Como buena leo, mi gran defecto es el orgullo. No es que yo crea demasiado en el horóscopo, pero desde luego en esto da en el clavo; tengo un orgullo de esos que antiguamente se denominaban `demoniacos´. En otras palabras, soy capaz de hacer verdaderas estupideces cuando alguien hiere mis sentimientos o me siento ninguneada. Hasta ahora siempre había considerado este rasgo de mi carácter como algo muy negativo (ni se imaginan las cosas que he hecho por orgullo magullado), por eso ha sido una sorpresa encontrar un artículo en un periódico norteamericano que descubre que el orgullo no sólo es positivo, sino que es una inestable virtud.
Por lo visto, con esto de la traída y llevada crisis, psicólogos de diversas universidades se han dedicado a estudiar las distintas actitudes de las personas que se quedan sin trabajo. «Mire usted a su alrededor en las plataformas de los trenes de cercanías, en la parada del autobús, en la calle», dice uno de esos estudios. «Es muy posible que lo que estén haciendo muchos yuppies que vea por ahí con trajes de Armani, tirantes superfashion y cara de muy ocupado es apresurarse, no hacia sus carísimos despachos, sino hacia la cafetería de la esquina.» ¿Engaño? ¿Una forma patética de ocultar que están en la calle? Según los psicólogos, esta actitud, lejos de ser frívola y engañosa, es una muy eficaz estrategia que remite a mecanismos mentales perfectamente justificados, que podríamos llamar ‘la estrategia del orgullo’. Hasta ahora, el orgullo, como estrategia social, no había sido especialmente estudiado. Frente al miedo, el júbilo y otras pulsiones humanas, el orgullo se consideraba demasiado variable según las diversas culturas como para medir su eficacia.

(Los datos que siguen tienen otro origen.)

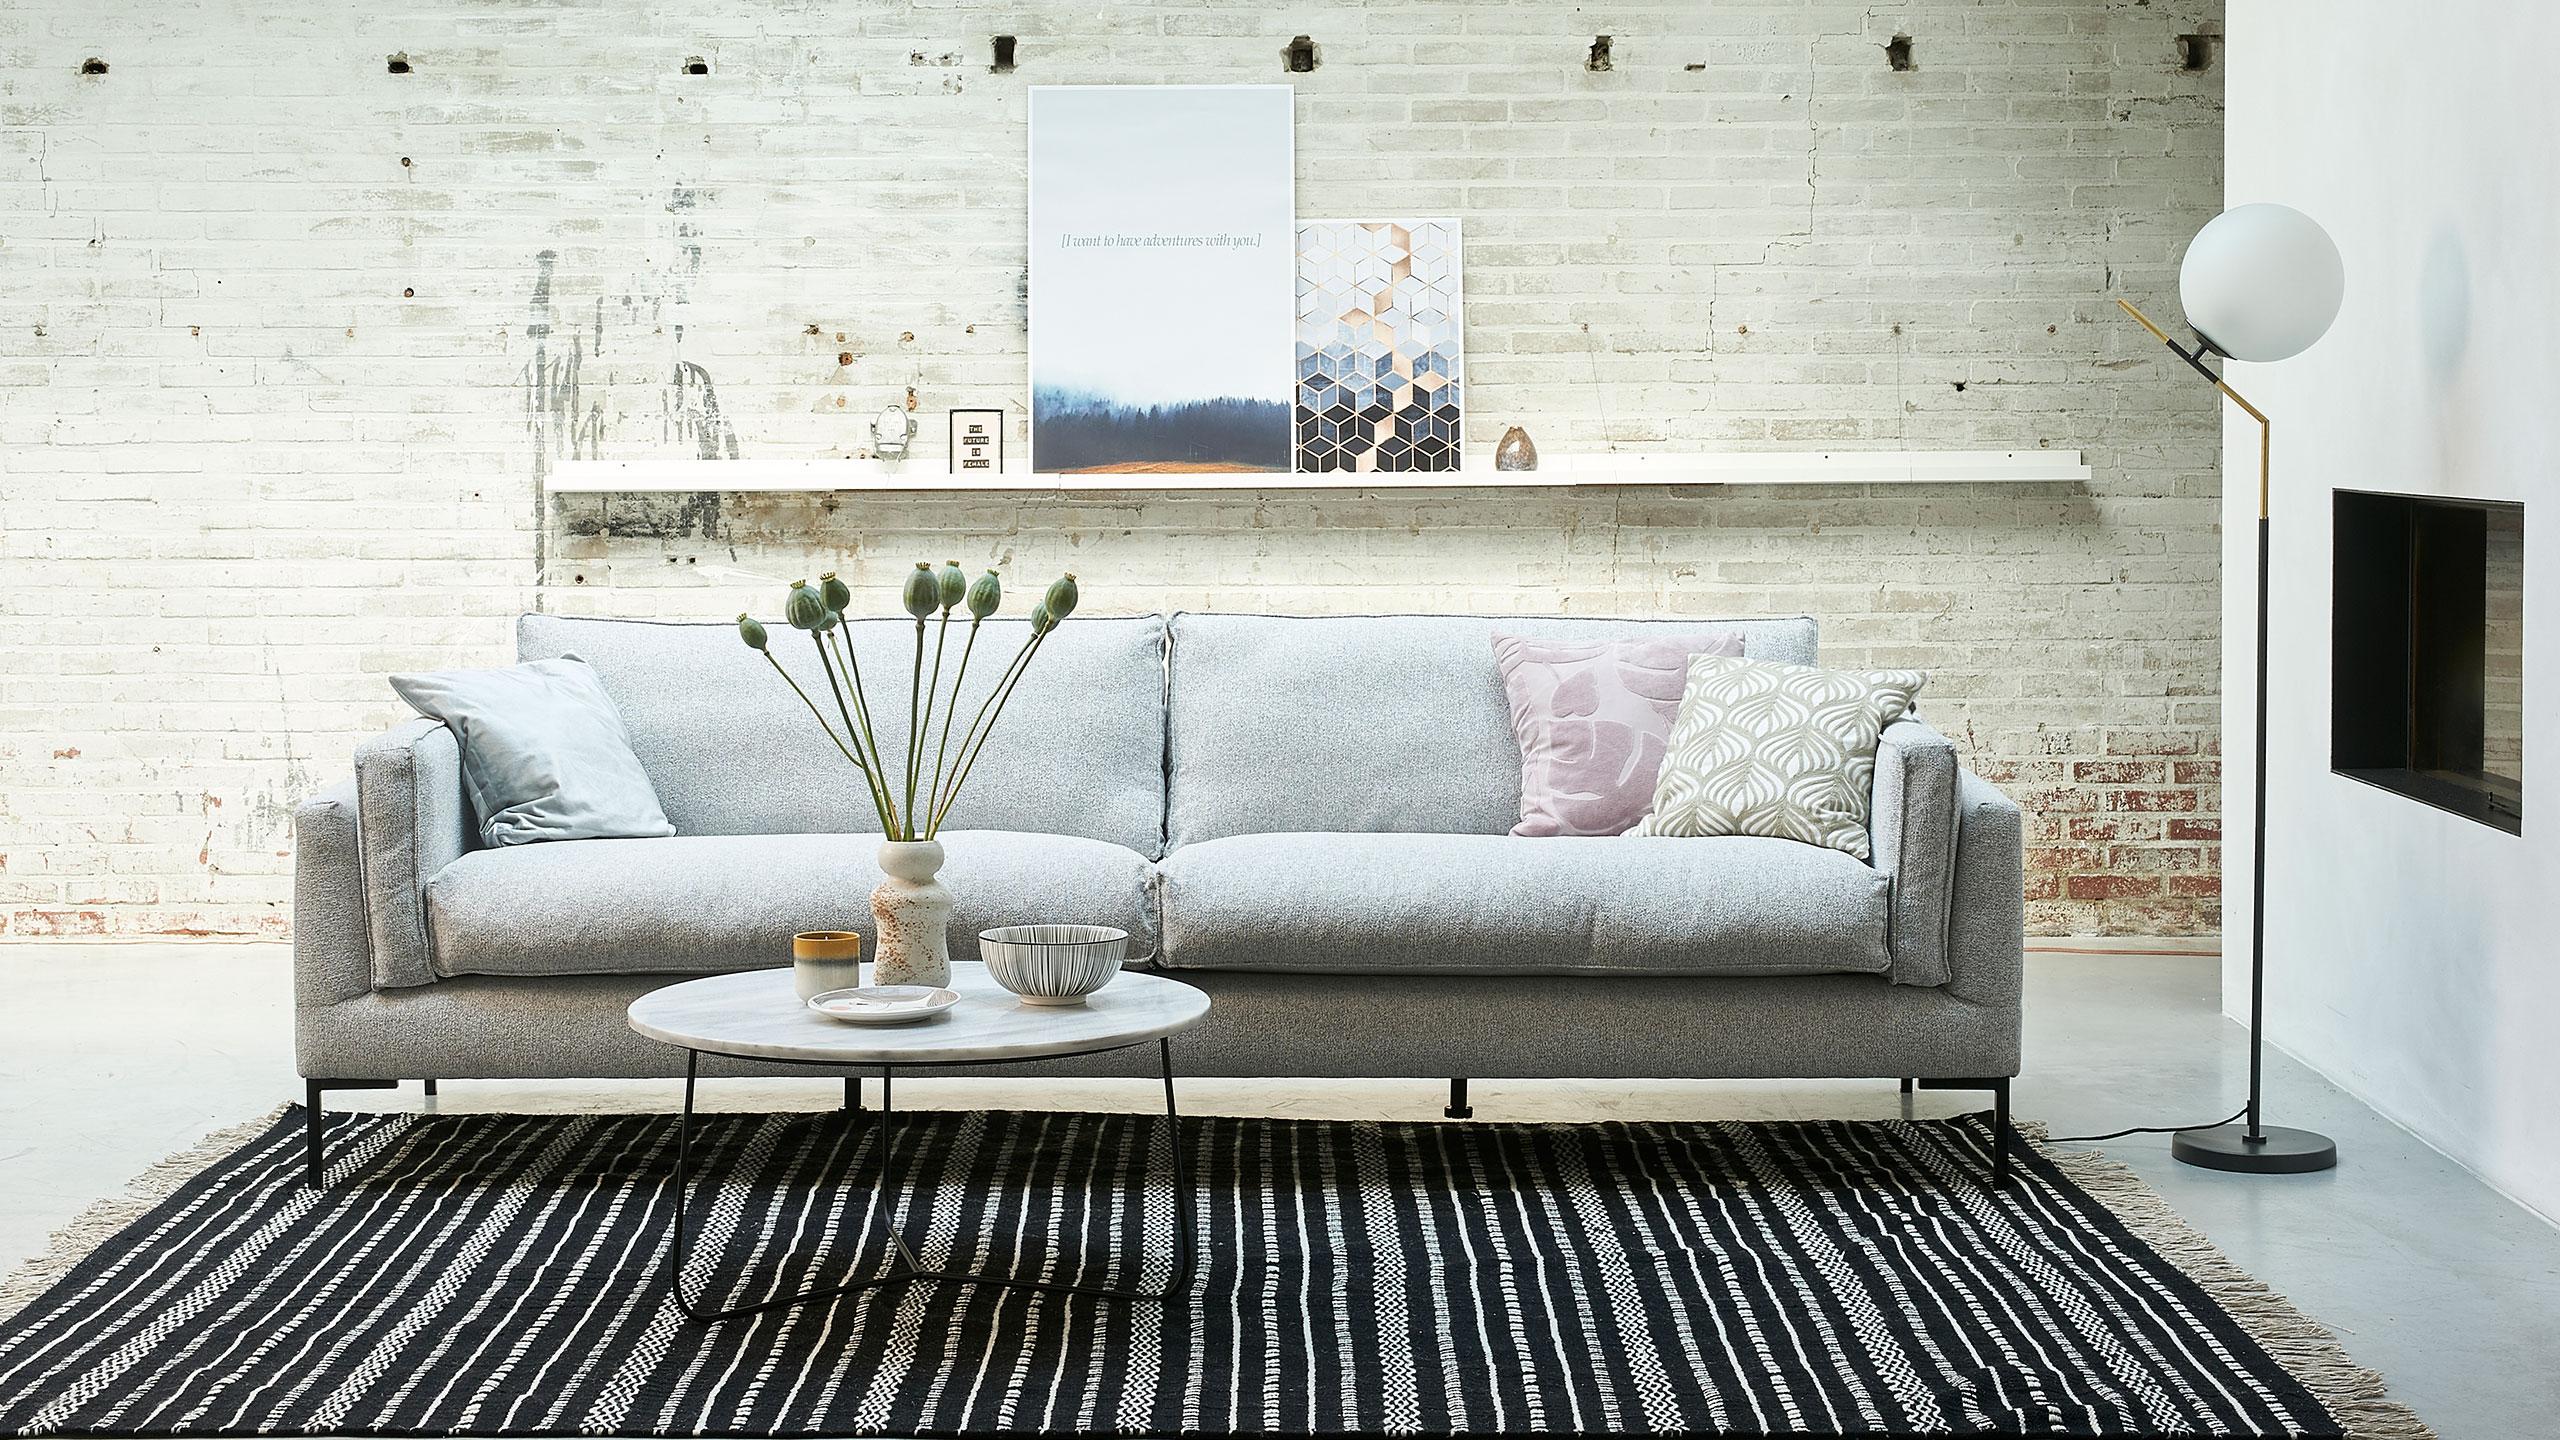 Full Size of Sofa Grau Stoff Ikea Kaufen 3er Big Couch Reinigen Grober Chesterfield Gebraucht Meliert 2er Weiß Günstig Beziehen Schlaffunktion Englisches Rolf Benz Mit Sofa Sofa Grau Stoff

Se ha descubierto, sin embargo, que, contrariamente a lo que se cree, las expresiones de orgullo –elevar la barbilla o poner los brazos en jarras, por ejemplo– son idénticas en todas partes del mundo. Durante las Olimpiadas de 2004 se estudió, además, que las demostraciones de triunfo (alzar los brazos, golpes en el pecho con los puños cerrados, etcétera) eran idénticas en atletas de los cinco continentes y también las manifestaban los atletas ciegos paralímpicos. El estudio fue más allá y descubrió algo completamente inesperado: que la gente asocia una expresión de orgullo al éxito, aun cuando quien la realice sea una persona de menor consideración social, mientras que a un supuesto líder que se muestre avergonzado se tiende a despreciarlo. Todas estas interesantes observaciones se han puesto ahora en relación con la actitud que las personas adoptan ante la adversidad, ante la pérdida del empleo, por ejemplo, o ante la ruina económica o un revés amoroso. Y al hacerlo se ha comprobado que poner «al mal tiempo buena cara» no es sólo una bonita frase, sino una muy eficaz estrategia. Lo es porque el orgullo (hablamos siempre del orgullo sano, no de la soberbia o la arrogancia) no sólo proyecta una imagen positiva, sino que actúa como un imán sobre los demás. En efecto, según estos recientes estudios, una imagen de orgullo denota una sensación de seguridad, de valía personal. Además, los psicólogos han descubierto que fingir una actitud de orgullo irradia una imagen de seguridad que, a su vez, hace sentir más seguro al fingidor. Todo esto se debe, por lo visto, a que el orgullo engendra perseverancia. Y la perseverancia es, por lo menos en mi experiencia, mucho más útil que la inteligencia, e incluso que la preparación, a la hora de alcanzar cualquier objetivo. Tal vez por eso yo, a pesar de que siempre he considerado mi orgullo un gran defecto, si soy sincera y miro para atrás en mi vida, me doy cuenta de que, así como me ha hecho cometer algunas tonterías, también me ha ayudado muchísimo. Como ya les he contado alguna vez, ni se imaginan la de metas que he alcanzado sólo por darles en las narices a unos cuantos.
¿Orgullo hipertrofiado el mío? Sin duda, pero ahora por fin comprendo eso que tanto se dice de que todo el mundo tiene los defectos de sus virtudes (y viceversa).